The annual cost of family health insurance coverage at work has risen to an average of nearly $24,000 this year, marking a 7% increase from the previous year, according to the KFF’s Employer Health Benefits Survey. Employees are contributing an average of $6,575 towards their share of the premium, which is almost $500 or close to 8% more than last year. The remaining cost is covered by their employers, writes CNN.
For single coverage, the average annual premium has also increased by 7% from last year, reaching $8,435. Workers are contributing just over $1,400 towards this, which is about $75 more than last year.

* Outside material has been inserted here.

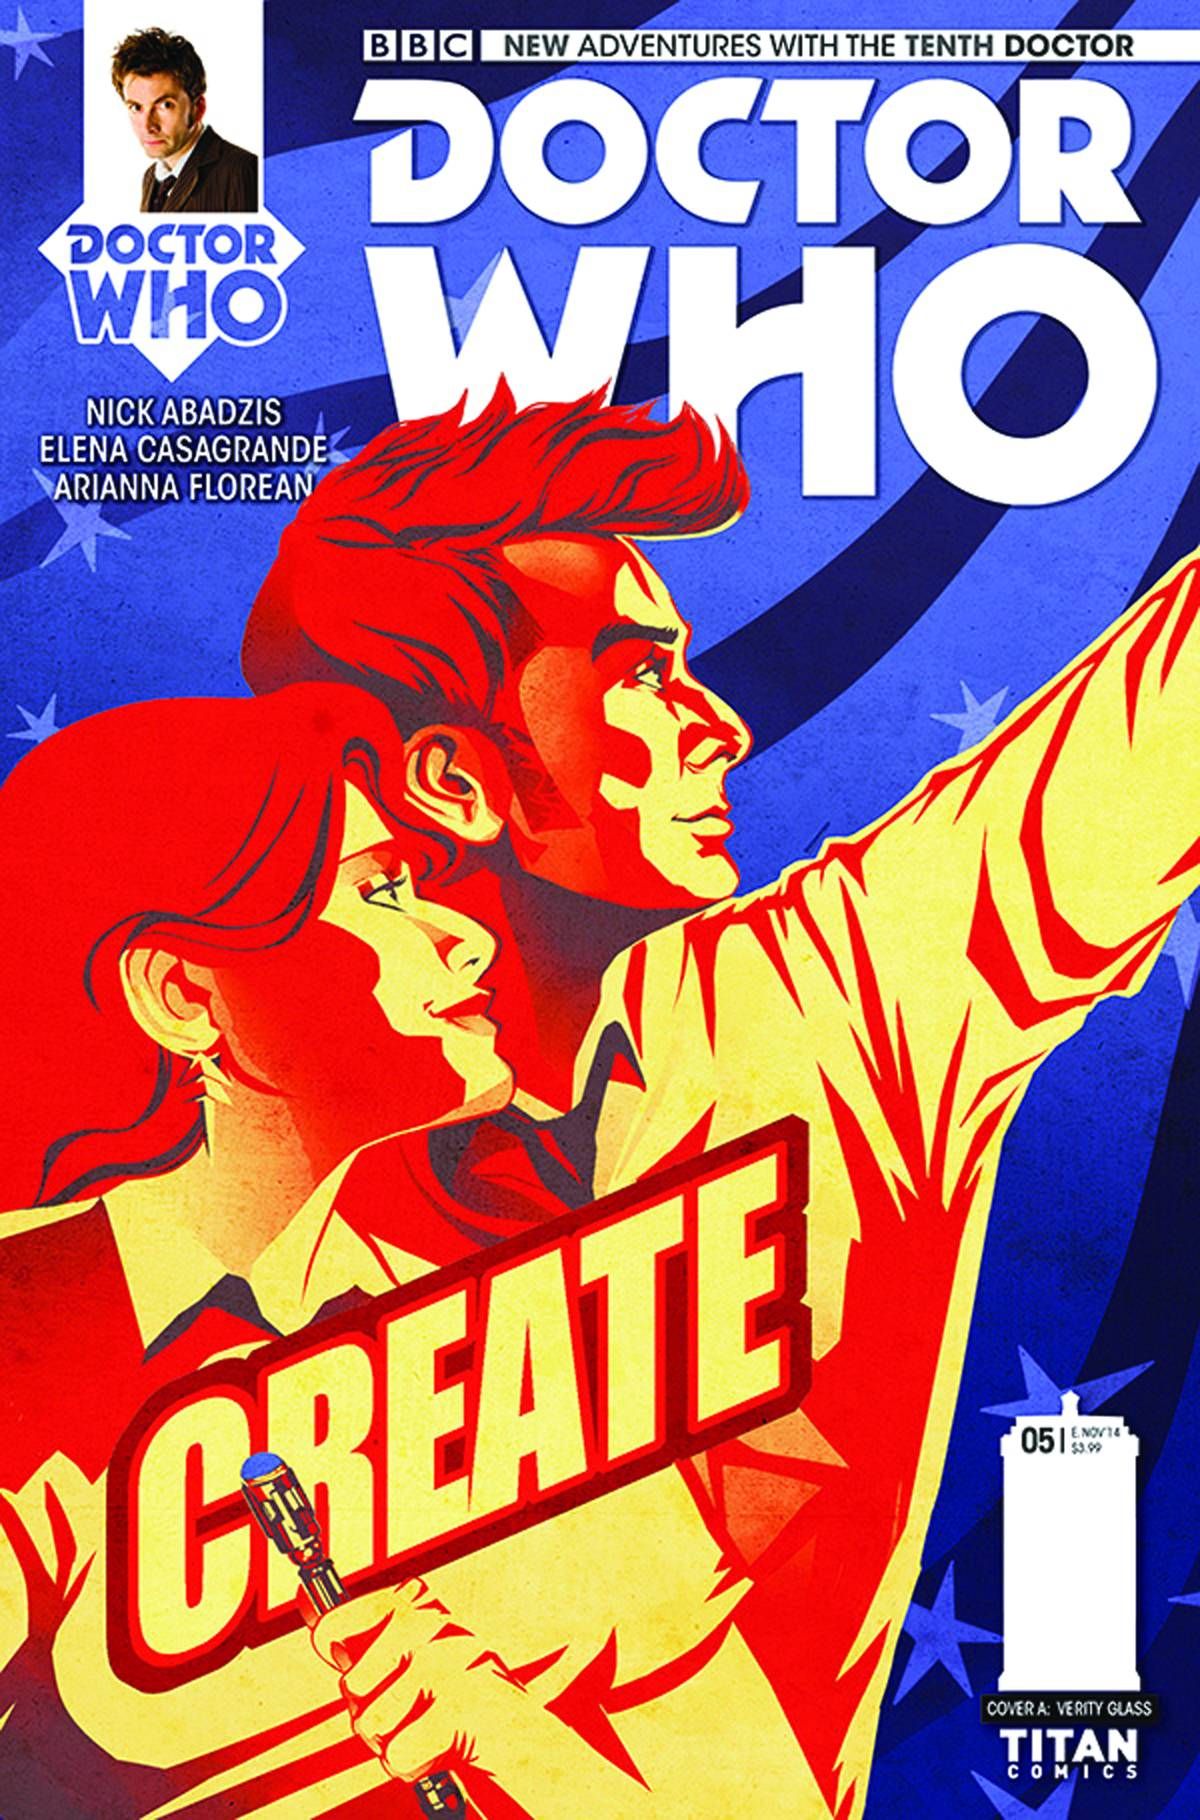 Doctor Who: The Tenth Doctor #5 Comic

Despite the significant increase in premiums, it aligns with the rise in wages and inflation since 2022 and over the past five years. This is a contrast to the early 2000s when premiums were increasing by double digits, but inflation and wage growth were relatively low.

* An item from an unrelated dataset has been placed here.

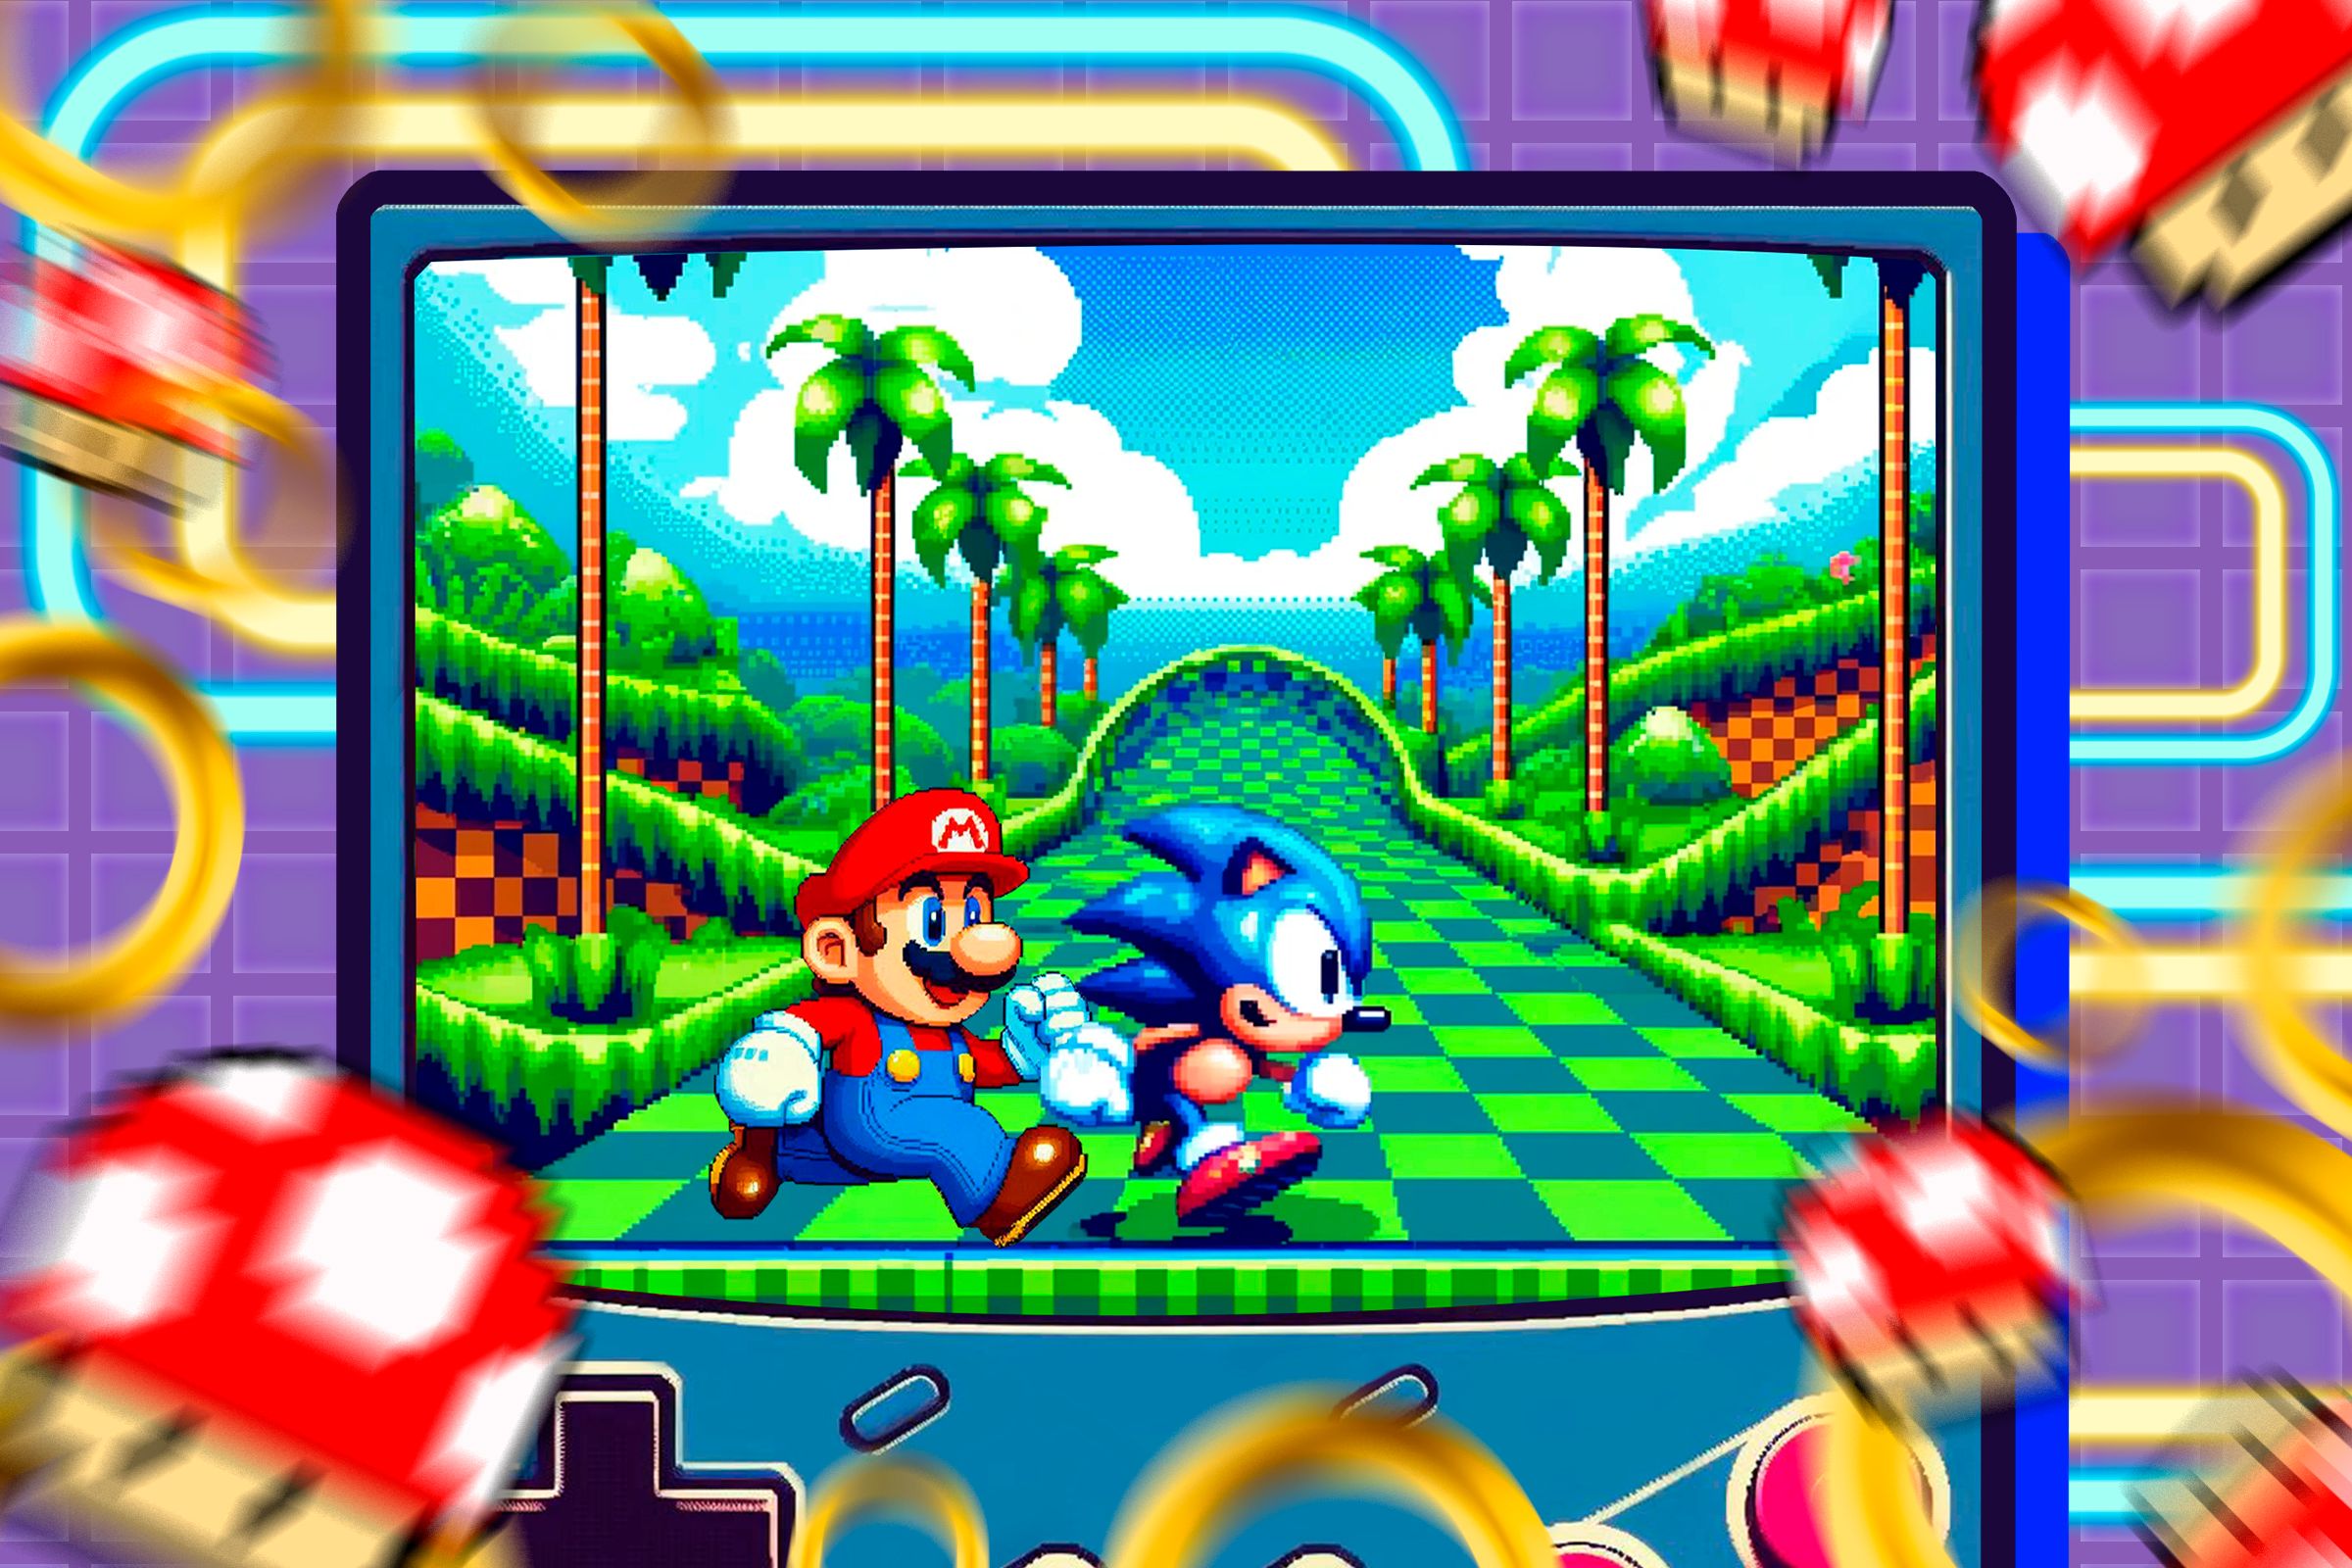 A retro handheld game with Super Mario and Sonic on the screen.

Employers are hesitant to reduce their health insurance coverage due to the tight job market, as it serves as a recruitment and retention tool. Deductibles have remained essentially flat this year, possibly reflecting employers’ concerns about the amount workers have to pay when they need medical care. The average annual deductible is roughly $1,735 among workers who have a deductible for single coverage.
However, workers should prepare for premiums to take a larger portion of their paychecks in the coming years. Nearly a quarter of companies have stated they will increase employees’ premium contributions in the next two years.
Workers at smaller firms typically pay much more for coverage than their peers at larger companies. For instance, KDC Mailing & Bindery, a small firm in Tempe, Arizona, faced an overall premium increase of about 13% this year. The company raised workers’ premiums by 3% but had to increase its prices by as much as 5% to afford the increased cost.